1 Filter out the specified rows of data
data=[2:5] #Here.[2:5]denote3go to the end of the line5content of the row,[]The first start is0,Indicates the first row of the data
2 Filter out all data records with a value in a column of data
data = df[(df['Column name 1']== ‘column value1')] # When matching multiple conditions data_many=df[(df['Column name 1']== ‘column value1')&(df['Column name 2']==‘column value2')] # When matching multiple values data_many=df[df['Column name 1'] in [‘(be) worth1', 'value 2',......]]
3 Pattern Matching
# Pattern matching with a value at the beginning cond=df['Column name'].('Value') $ Pattern matching with a value in the middle cond=df['Column name'].('Value')
4 Range interval value screening
# Filter the data based on between two values: cond=df[(df['Column name 1']>‘column value1')&(df['Column name 1']<‘column value2')]

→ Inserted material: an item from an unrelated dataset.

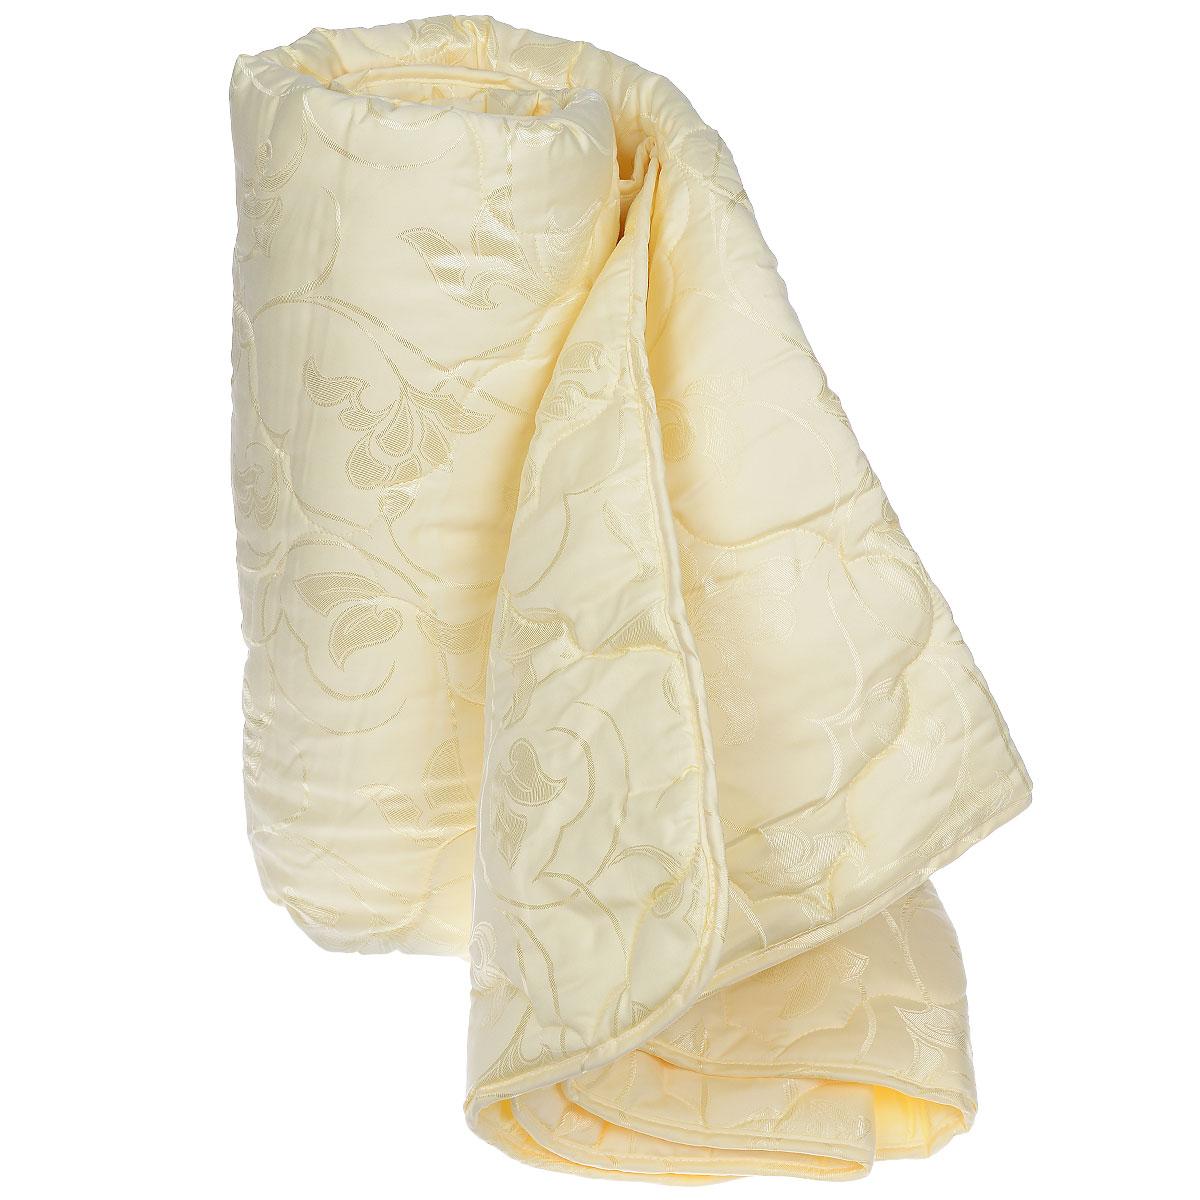 Одеяло Sova & Javoronok, наполнитель: шелковое волокно, цвет: бежевый, 140 см х 205 см5030116080Чехол одеяла Sova & Javoronok выполнен из благородного сатина бежевого цвета. Наполнитель - натуральное шелковое волокно.Особенности наполнителя: - обладает высокими сорбционными свойствами, создавая эффект сухого тепла; - регулирует температурный режим; - не вызывает аллергических реакций. Шелк всегда считался одним из самых элитных и роскошных материалов. Очень нежный, легкий, шелк отлично приспосабливается к температуре тела и окружающей среды. Летом с подушкой из шелка вы чувствуете прохладу, зимой - приятное тепло. В натуральном шелке не заводится и не живет пылевой клещ, также шелк обладает бактериостатическими свойствами (в нем не размножаются патогенные бактерии), в нем не живут и не размножаются грибки и сапрофиты. Натуральный шелк гипоаллергенен и рекомендован людям с аллергическими реакциями. При впитывании шелком влаги до 30% от собственного веса он остается сухим на ощупь. Натуральный шелк не электризуется. Одеяло Sova & Javoronok упакована в тканно-пластиковый чехол на змейке с ручками, что является чрезвычайно удобным при переноске.Рекомендации по уходу:- Стирка запрещена,- Нельзя отбеливать. При стирке не использовать средства, содержащие отбеливатели (хлор),- Не гладить. Не применять обработку паром,- Химчистка с использованием углеводорода, хлорного этилена,- Нельзя выжимать и сушить в стиральной машине. Размер одеяла: 140 см х 205 см.Материал чехла: сатин (100% хлопок). Материал наполнителя: шелковое волокно.

5 Getting a value in a row or column
print(ridership_df.loc['05-05-11','R003']) # Or print(ridership_df.iloc[4,0]) # Results. 1608
6 Getting the raw numpy two-dimensional array
print()
7 Get the position of a row element according to the condition
import pandas as pd df = ({'BoolCol': [1, 2, 3, 3, 4],'attr': [22, 33, 22, 44, 66]},index=[10,20,30,40,50]) print(df) a = df[(==3)&(==22)].() b = df[(==3)&(==22)].index[0] c = df[(==3)&(==22)]. print(a)
8 Element Location Filtering
print(date_frame) # Print the full display print(date_frame.shape) # Get rows, columns meta-anchor of df print(date_frame.head(2)) # The first 2 lines print(date_frame.tail(2)) # 2 lines after print(date_frame.()) # Get only the list of indexes for df print(date_frame.()) # Get a list of column names for df only print(date_frame.()) # get onlydfA list of all the values of the(two-dimensional list)
9. Delete multiple rows/columns
# Used provided that the index and columns of the dataframe are in numbers, utilizing the drop() and range() functions. (labels=None, axis=0, index=None, columns=None, level=None, inplace=False, errors='raise') # axis = 0 to delete rows; axis = 1 to delete columns. # want to delete multiple rows/columns, with range can be, for example, to delete the first 3 rows, drop(range(0,3), axis = 0 (default zero, can not write)) can be.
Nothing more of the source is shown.